Non-formal education (NFE) is popular on a worldwide scale in both 'western' and 'developing countries'. Non-formal education can form a matrix with formal and non-formal education, as non-formal education can mean any form of systematic learning conducted outside the formal setting. Many courses in relation to non-formal education have been introduced in several universities in western and developing countries.

The UNESCO institute of education conducted a seminar on non-formal education in Morocco. The association for development of education in Africa (ADEA) launched many programmes in non-formal education in at least 15 countries of Sub-Saharan Africa. In 2001 World Bank conducted an international seminar on basic education in non-formal programmes. In addition to this the World Bank was advised to extend its services to adult and non-formal education.

A report on vocational education, Making Learning Visible: the identification, assessment and recognition of non-formal learning in Europe, defines non-formal learning as semi structured, consisting of planned and explicit approaches to learning introduced into work organisations and elsewhere, not recognised within the formal education and training system.

Types 

Several classifications of non-formal education have been proposed. Willems and Andersson classify non-formal education according to two dimensions: (1) "NFE in relation to formal and informal learning (Substitute-Complement)" and (2) "Main learning content of NFE (Competencies-Values)". Based on these two dimensions, they describe four types of non-formal education. The goal of their framework is to better understand the various public governance challenges and structures that very different types of non-formal education have. Similarly, Shrestha and colleagues focus on the role of NFE in comparison to formal education. Hoppers proposes a three-fold classification, also in comparison to formal education: "A. Supplementary provisions", "B. Compensatory provisions", and "C. Alternative provisions". Rogers pinpoints to the changing role of NFE over the last five decades and makes a distinction between a first and a second generation NFE.

Community work, which is particularly widespread in Scotland, fosters people's commitment to their neighbours and encourages participation in and development of local democratic forms of organisation.

Youth work which focuses on making people more active in the society.

Social work which helps young people in homes to develop ways to deal with complex situations like fostering fruitful relationships between parents and children, bringing different groups of career together, etc...

In France and Italy animation in a particular form is a kind of non-formal education. It uses theatre and acting as means of self-expression with different community groups for children and people with special needs. This type of non-formal education helps in ensuring active participation and teaches people to manage the community in which they live.

Youth and community organisations young people have the opportunity to discover, analyse and understand values and their implications and build a set of values to guide their lives. They run work camps and meetings, recruit volunteers, administer bank accounts, give counselling etc. to work toward social change.

Importance 

Education plays an important role in development. Out of school programmes are important to provide adaptable learning opportunities and new skills and knowledge to a large percentage of people who are beyond the reach of formal education. Non-formal education began to gain popularity in the late 1960s and early 1970s. Today, non-formal education is seen as a concept of recurrent and lifelong learning.
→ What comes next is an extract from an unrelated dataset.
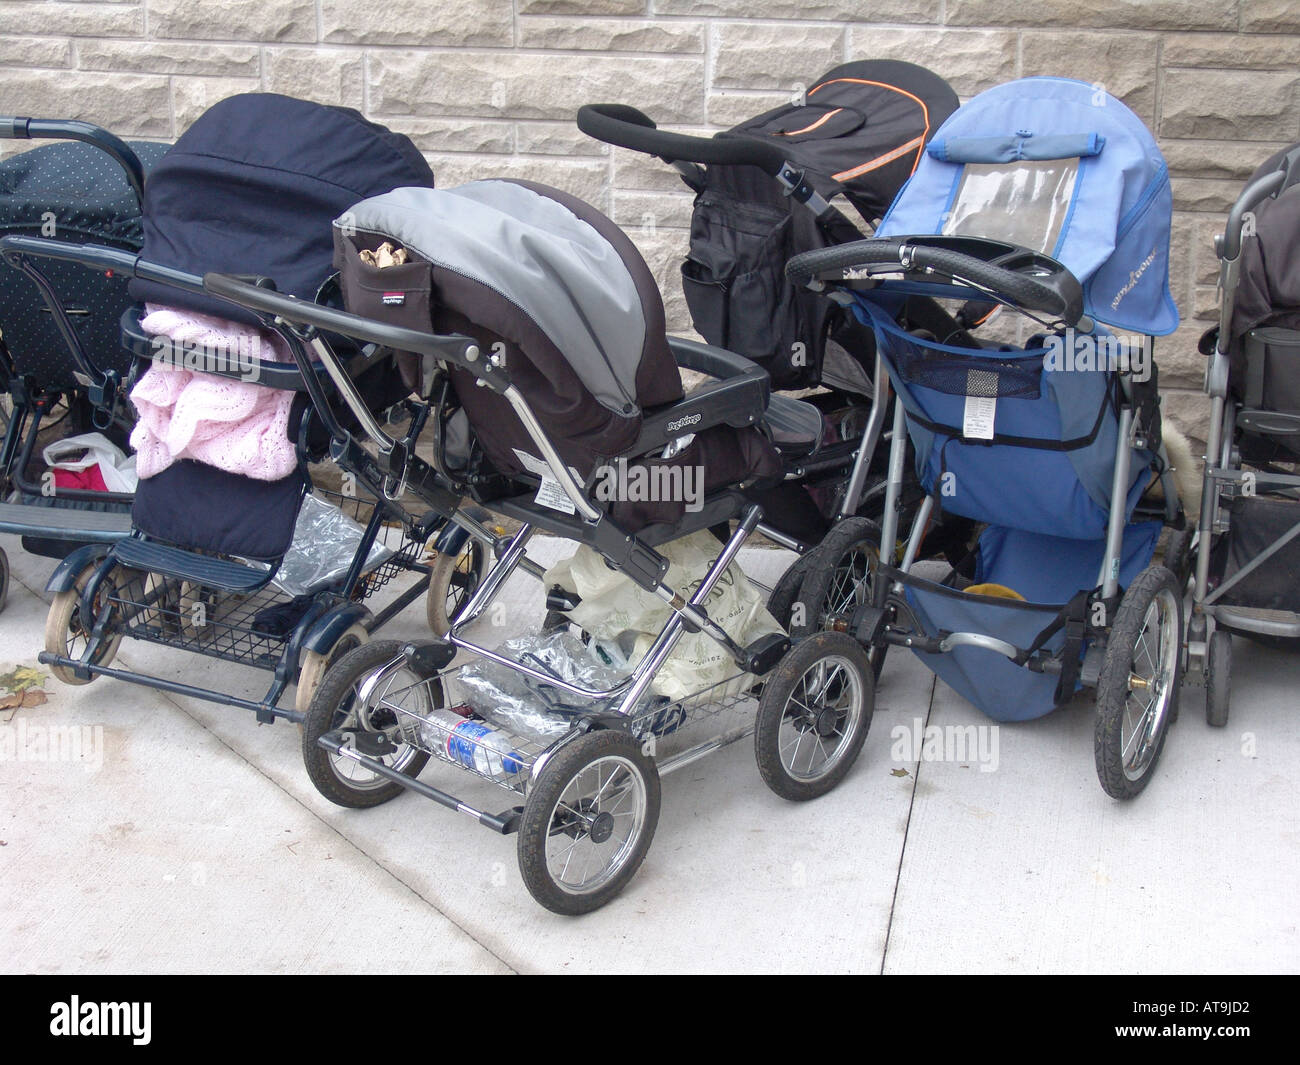 Stau von Baby Kinderwagen vor einem Gemeindezentrum Bibliothek von Kindermädchen geparkt Stockfoto

Non-formal education is popular among the adults specially the women as it increases women's participation in both private and public activities, i.e. in house hold decision making and as active citizens in the community affairs and national development. These literacy programmes have a dramatic impact on women's self-esteem because they unleash their potential in economic, social, cultural and political spheres.
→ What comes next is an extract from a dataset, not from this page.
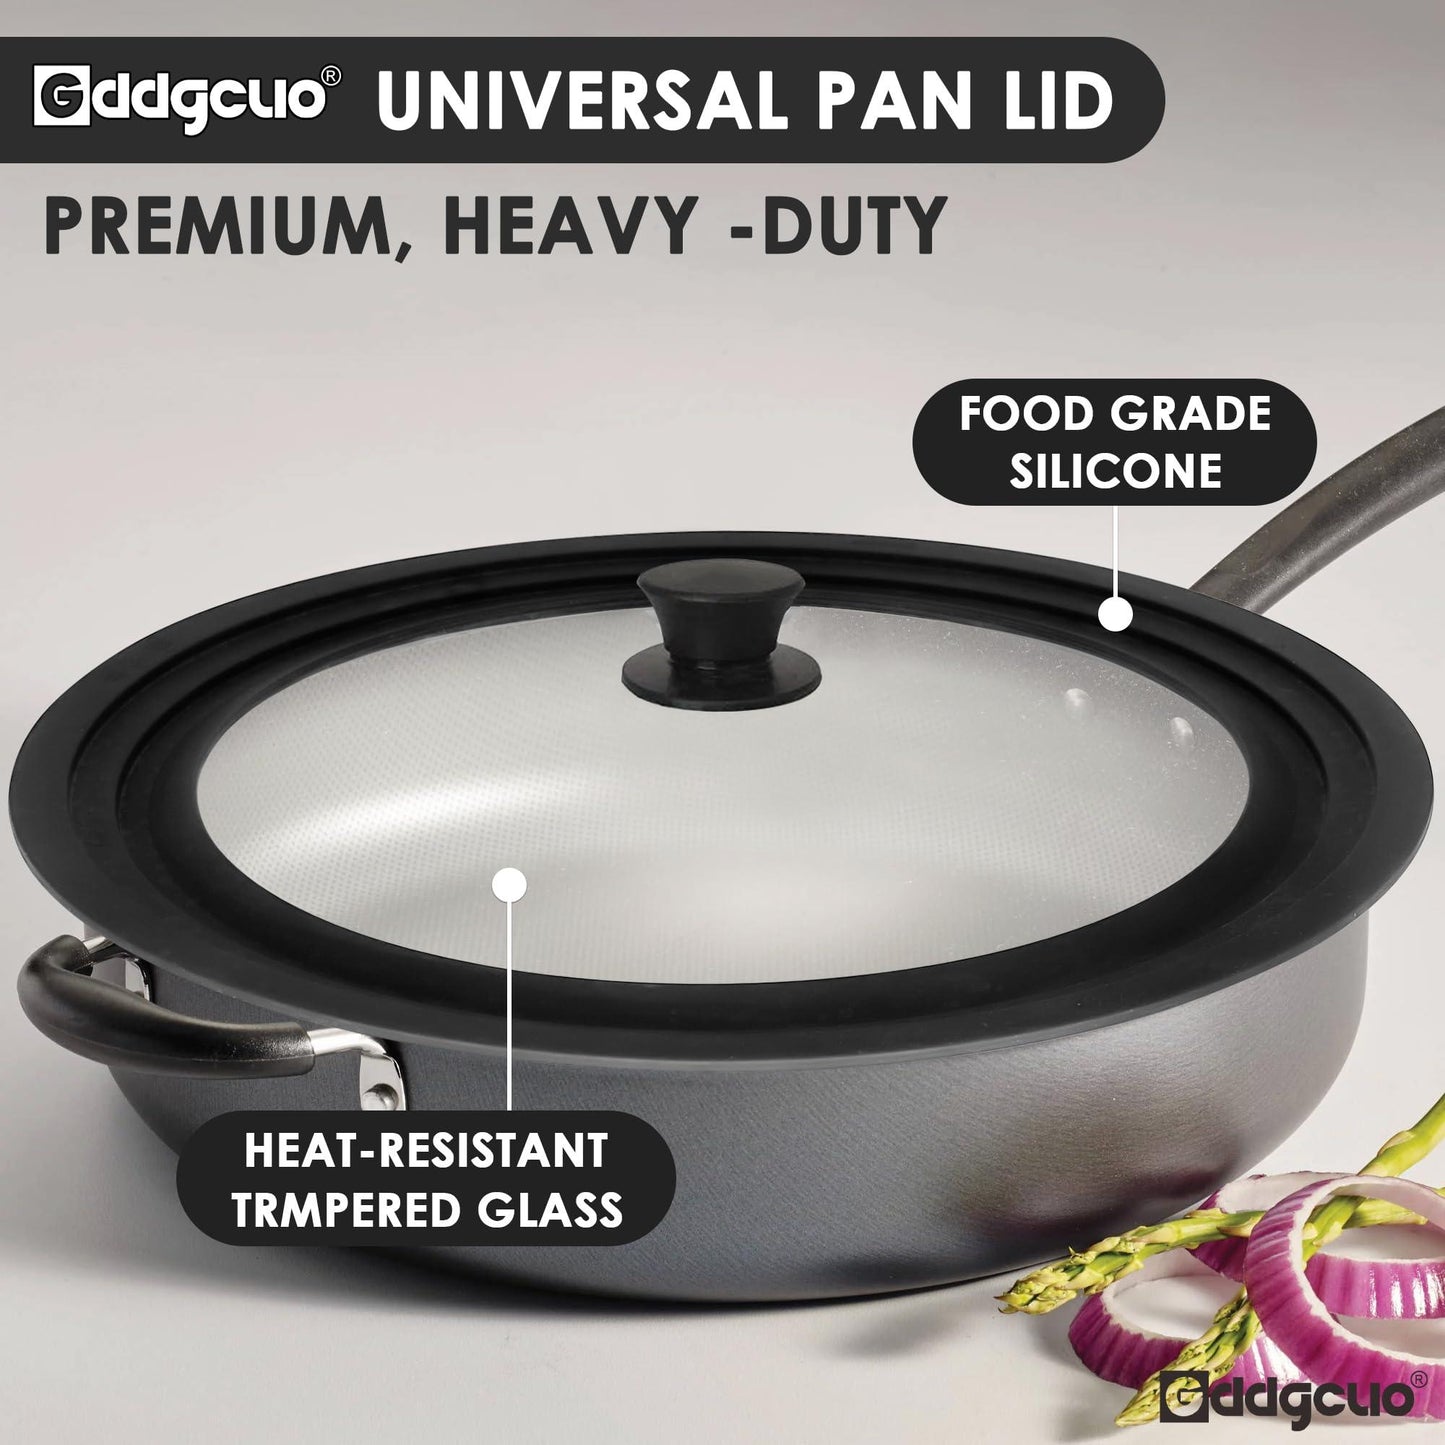 GDDGCUO Universal Pan Lids, Silicone Pot lids for Pots, Pans & Skillets, Fits 10", 11" & 12" Diameter, 7", 8" & 9" Diameter Cookware, 2 Pcs Frying Pan lids, Dishwasher Safe - CookCave

According to UNESCO (2010), non-formal education helps to ensures equal access to education, eradicate illiteracy among women and improve women's access to vocational training, science, technology and continuing education. It also encourages the development of non-discriminatory education and training. The effectiveness of such literacy and non-formal education programmes are bolstered by family, community and parental involvement. This is why the United Nations Sustainable Development Goal 4 advocates for a diversification of learning opportunities and the usage of a wide range of education and training modalities in recognition of the importance of non-formal education.

Advantages 

Non-formal education is beneficial in a number of ways. There are activities that encourage young people to choose their own programme and projects that are important because they offer the youth the flexibility and freedom to explore their emerging interests. When the youth can choose the activities in which they can participate, they have opportunities to develop several skills like decision making skills. A distinction can be made between "participant functionality" and "societal functionality" of non-formal education. Participant functionality refers to the aimed advantages for the individual participants in non-formal education, while societal functionality refers to the benefits non-formal education has on society in general.
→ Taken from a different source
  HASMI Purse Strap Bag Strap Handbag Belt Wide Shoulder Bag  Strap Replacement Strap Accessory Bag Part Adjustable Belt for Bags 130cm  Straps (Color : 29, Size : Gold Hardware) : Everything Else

Non-formal learning has experiential learning activities that foster the development of skills and knowledge. This helps in building the confidence and abilities among the youth of today. It also helps in development of personal relationships not only among the youth but also among the adults. It helps in developing interpersonal skills among the young people as they learn to interact with peers outside the class and with adults in the community.

Necessity 

Formal education system are inadequate to effectively meet the needs of the individual and the society. The need to offer more and better education at all levels, to a growing number of people, particularly in developing countries, the scant success of current formal education systems to meet all such demands, has shown the need to develop alternatives to learning.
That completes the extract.